Before we consider various failure scenarios, we will sketch the nominal successful case, which might go like the following:
- Sam: “Alice, please reduce your budget by $10,000 if possible.”
- Alice: “OK. I’ve done so.”
- Sam: “Bob, please increase your budget by $10,000.”
- Bob: “Thanks, Sam; it’s done.”
- Sam: “Thanks everyone; transfer finished!”
There is no need for Alice and Bob to talk to each other, because Sam coordinates the transfer. Given this scenario, we might as well have let both subconversations occur in parallel to each other. Now we will consider some failure modes—for example, if Alice does not have sufficient budget:
- Sam: “Alice, please reduce your budget by $10,000 if possible.”
- Alice: “Sorry, Sam, my budget is too low already.”
- Sam: “Listen up, everyone—this transfer is aborted!”
This case is simple. The first step of the process fails in a nontransient fashion, so no harm is done and an abort is immediately possible. A more complicated case occurs if Bob is unable to receive the increased budget amount:
- Sam: “Alice, please reduce your budget by $10,000 if possible.”
- Alice: “OK. I’ve done so.”
- Sam: “Bob, please increase your budget by $10,000.”
- Bob: “Sorry, Sam, my project was just canceled—I no longer have a budget.”
- Sam: “Alice, please increase your budget by $10,000.””
- Alice: “Thanks, Sam; it’s done.”
- Sam: “Listen up, everyone—this transfer is aborted!”
In this case, the second step that Sam wants to perform cannot be carried out. At this point, Alice has already reduced her budget, so logically Sam holds $10,000 in his hands—but he has no budget to manage for himself. The solution for this dilemma is that Sam gives the $10,000 back to Alice. This is called a compensating transaction. Using this trick, we can also make the entire transfer opportunistically parallel and still remain correct:
- Sam: “Alice, please reduce your budget by $10,000 if possible. Bob, please increase your budget by $10,000.”

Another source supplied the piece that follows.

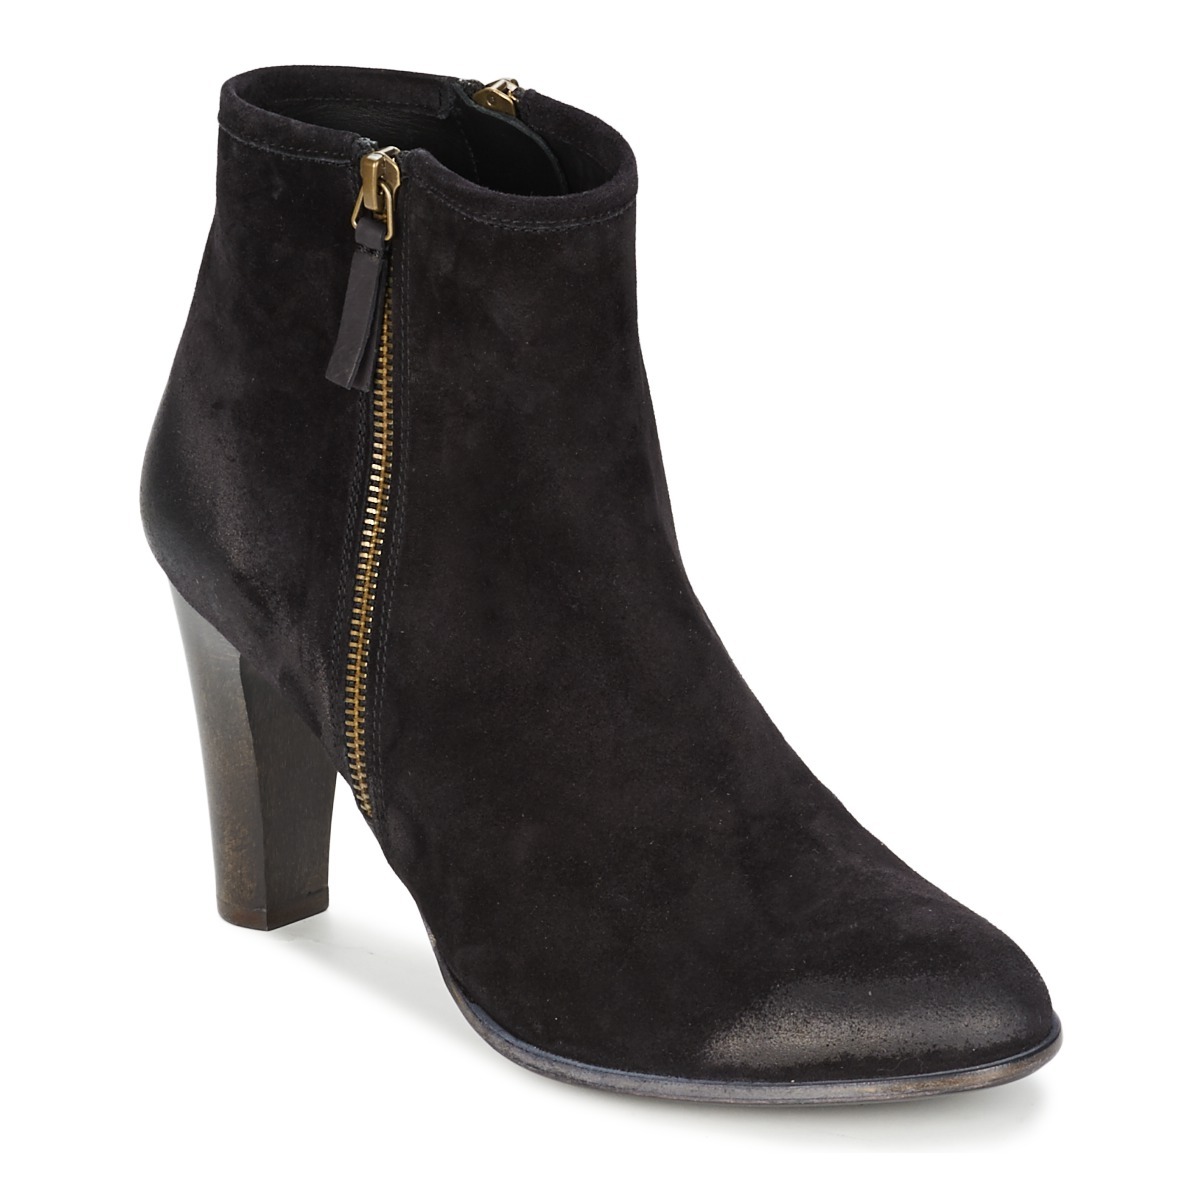 N.D.C. Lady Ankle Boots Black by Spartoo GOOFASH
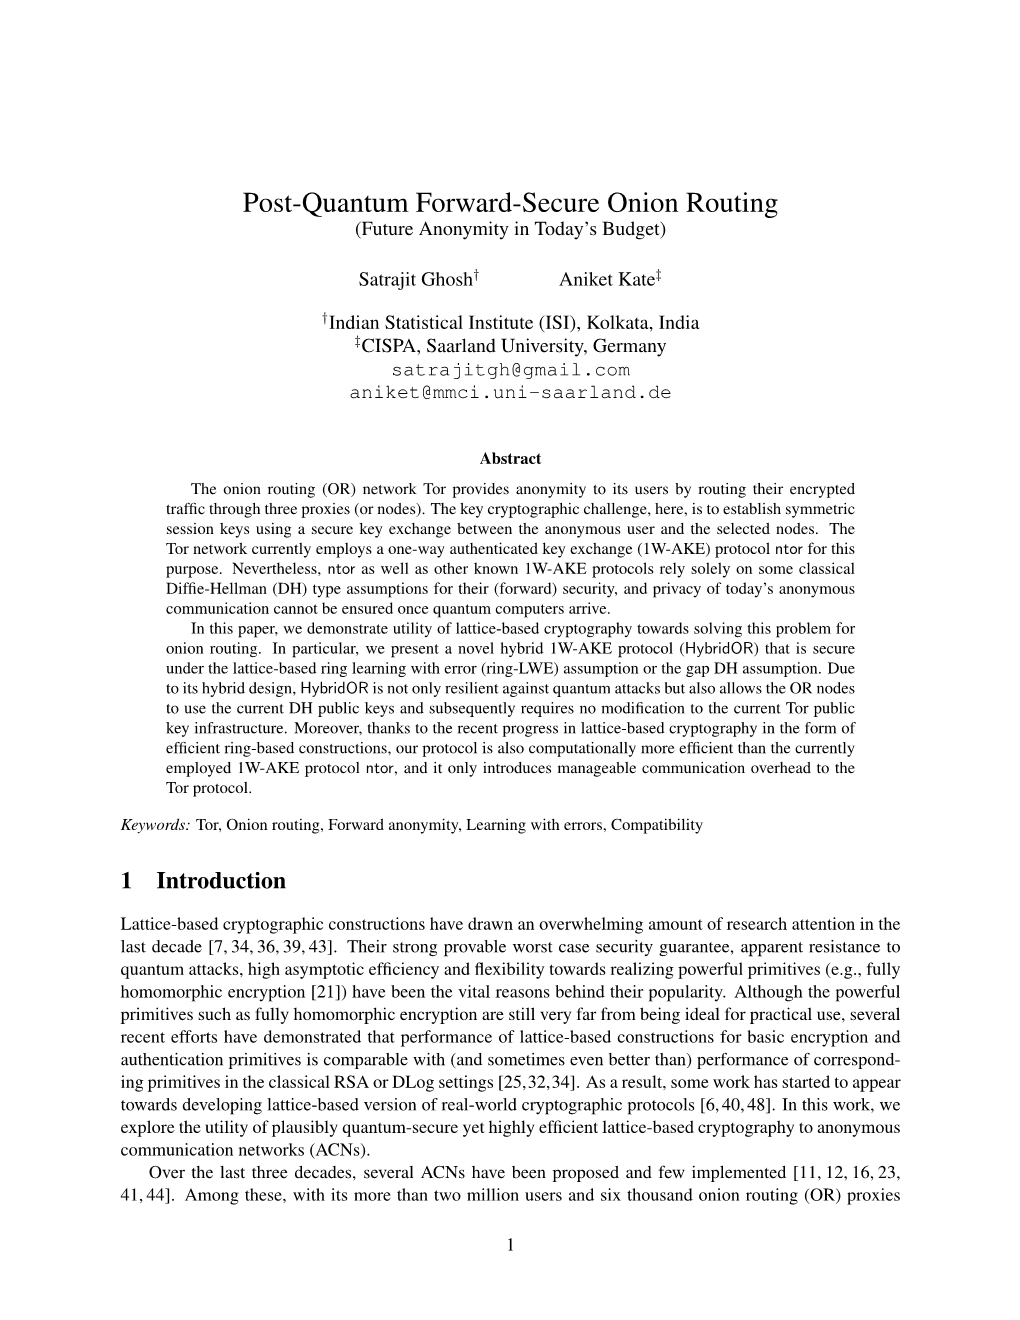 Post-Quantum Forward-Secure Onion Routing (Future Anonymity in Today’S Budget)

- Bob: “Thanks, Sam. It’s done.””
- Alice: “Sorry, Sam, my budget is too low already.”
- Sam: “Bob, please reduce your budget by $10,000.”
- Bob: “OK. I’ve done so.”
- Sam: “Listen up, everyone—this transfer is aborted!”
Of course, we have assumed here that the compensating transactions always succeed; but what if that is not the case? What if in the last example Bob had already—and surprisingly quickly—spent the $10,000 while Sam was waiting for Alice to respond? In this case, the system would be in an inconsistent state that Sam could not fix without external help. The moral of this gedankenexperiment is that computers and algorithms cannot be held responsible for dealing with all possible corner cases, especially when it comes to distributed systems where the convenient simplifications of a fully sequential local execution cannot be applied. In such cases, inconsistencies must be recognized as possible system states and signaled upward: for example, to be decided by the humans who operate the system. For further reading on this topic, please see Pat Helland’s “Memories, Guesses, and Apologies.”[14]
MSDN blog, 2007, http://blogs.msdn.com/b/pathelland/archive/2007/05/15/memories-guesses-and--apologies.aspx.
15.6.3. The pattern, revisited
Given two accounts—symbolized by Alice and Bob—we have introduced another process: a saga whose role was played by Sam in order to orchestrate the transfer of budget from one account to the other. Getting Alice and Bob to agree directly on this transfer would be a costly process during which both would be unavailable for other requests, because those could invalidate the current state of the consensus-building conversation; this would be the analogous solution using a distributed transaction in the ACID sense (a transaction like the ones we are used to from relational database management systems [RDBMSs]). Instead, we have placed the responsibility for leaving the system in a consistent state with the new external process that runs this process.
You have seen that in order to do this, you have to not only describe the individual transactions that are done on each account but also provide compensating transactions that come into play if the saga needs to be aborted. This is the same as performing a transaction rollback on a RDBMS; but because you are no longer dealing with a single realm of consistency, the system can no longer automatically deduce what constitutes a rollback. Hector Garcia-Molina notes that writing the compensating transactions is not a black art, though; it is usually of the same difficulty as encoding the transactions.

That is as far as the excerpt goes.